Con nota pervenuta in  data 20/03/2013, prot. 30110, la Catania Multiservizi Spa ha sottoposto  all’attenzione di questa Autorità una istanza di parere ai sensi dell’art. 69,  comma 3, del D.Lgs. n. 163/2006, allegando la bozza del Bando e del Capitolato  speciale.
La richiedente stazione  appaltante - società strumentale del Comune di Catania, a capitale interamente  pubblico, sottoposta a controllo analogo da parte della proprietà - è infatti in  procinto di bandire una gara di importo stimato di € 197.625,20, per l'affidamento  del servizio di manutenzione ordinaria di aree a verde della Città di Catania,  limitatamente ai servizi di decespugliamento per prevenzione incendi, della  durata di mesi 4 (quattro), con procedura di cottimo fiduciario ex art. 125 D.lgs.  163/2006 e art. 334 D.P.R. 207/2010, da assegnarsi con applicazione del  criterio del massimo ribasso.

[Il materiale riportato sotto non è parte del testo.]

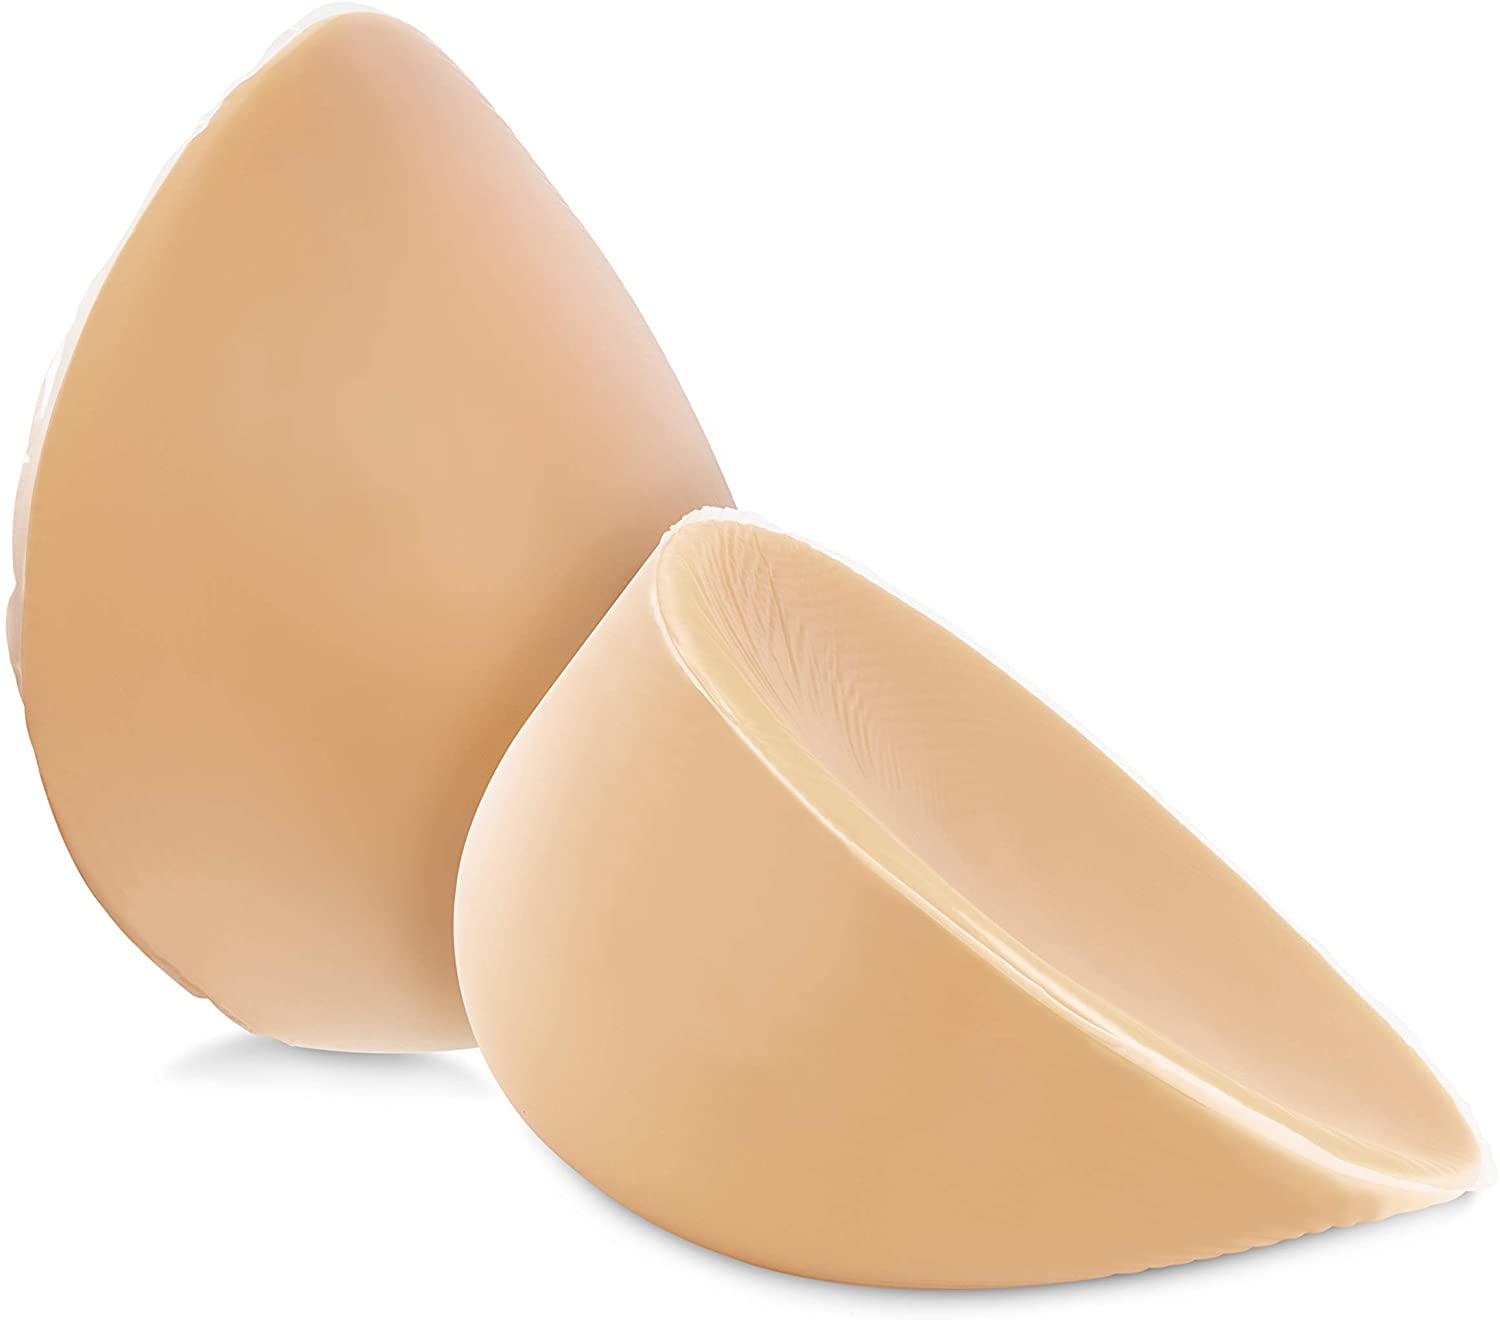 Feminique Silicone Breast Forms, Prosthetic Breast for Transgender,  Mastectomy

A seguito di richiesta  di integrazione documentale, l’istante ha fornito - con nota prot. 37827 del 16/04/2013  – elementi integrativi di chiarimento nonché la bozza di lettera di invito.
Precisa, nell’originaria  istanza, la Catania Multiservizi che tale gara provvede alla esternalizzazione  di un servizio precedentemente svolto in amministrazione diretta dalla società medesima;  che al precedente svolgimento del servizio la società ha adibito, dall’anno  2006, trenta lavoratori, attraverso una successione di diversi e molteplici  rapporti contrattuali: in un primo tempo - fino al 2008 - in virtù di un  contratto di somministrazione di lavoro tra la società Catania Multiservizi e  una Agenzia autorizzata di somministrazione; in un secondo tempo - dal 2008 (data  imprecisata) fino al 30 settembre 2012 - tali lavoratori sono stati assunti  direttamente dalla società Catania Multiservizi con contratti di lavoro subordinato,  a tempo determinato e parziale; che l’avviato tentativo di stabilizzazione  degli stessi lavoratori è stato annullato in autotutela dalla società Catania  Multiservizi, in ragione delle sopravvenienze legislative che hanno  espressamente esteso le limitazioni alle assunzioni previste per le  amministrazioni pubbliche alle società controllate (art. 4, comma 9, D.l.  95/2012); che l’ultima scadenza dei rapporti contrattuali tra la società e i lavoratori  è avvenuta in data 30 settembre 2012.
Precisa la società  istante, con la sopra indicata nota integrativa, che i lavoratori interessati  risultano allo stato disoccupati e che con gli stessi sono in corso controversie  giudiziarie vòlte alla conversione a tempo indeterminato dei rapporti di lavoro  a termine.
La stazione appaltante  afferma dunque di voler inserire nel bando per la gara di appalto de qua una  clausola che affermi l’obbligo della ditta aggiudicataria di utilizzare  prioritariamente nell’espletamento del servizio i trenta lavoratori già  occupati presso la S.A.  ed adibiti, sino  al 30 settembre 2012, alle medesime attività che si intendono ora parzialmente  affidare all’esterno. A tal fine, domanda il preventivo avviso preventivo dell’Autorità  ai sensi dell’art. 69 del Codice dei contratti pubblici.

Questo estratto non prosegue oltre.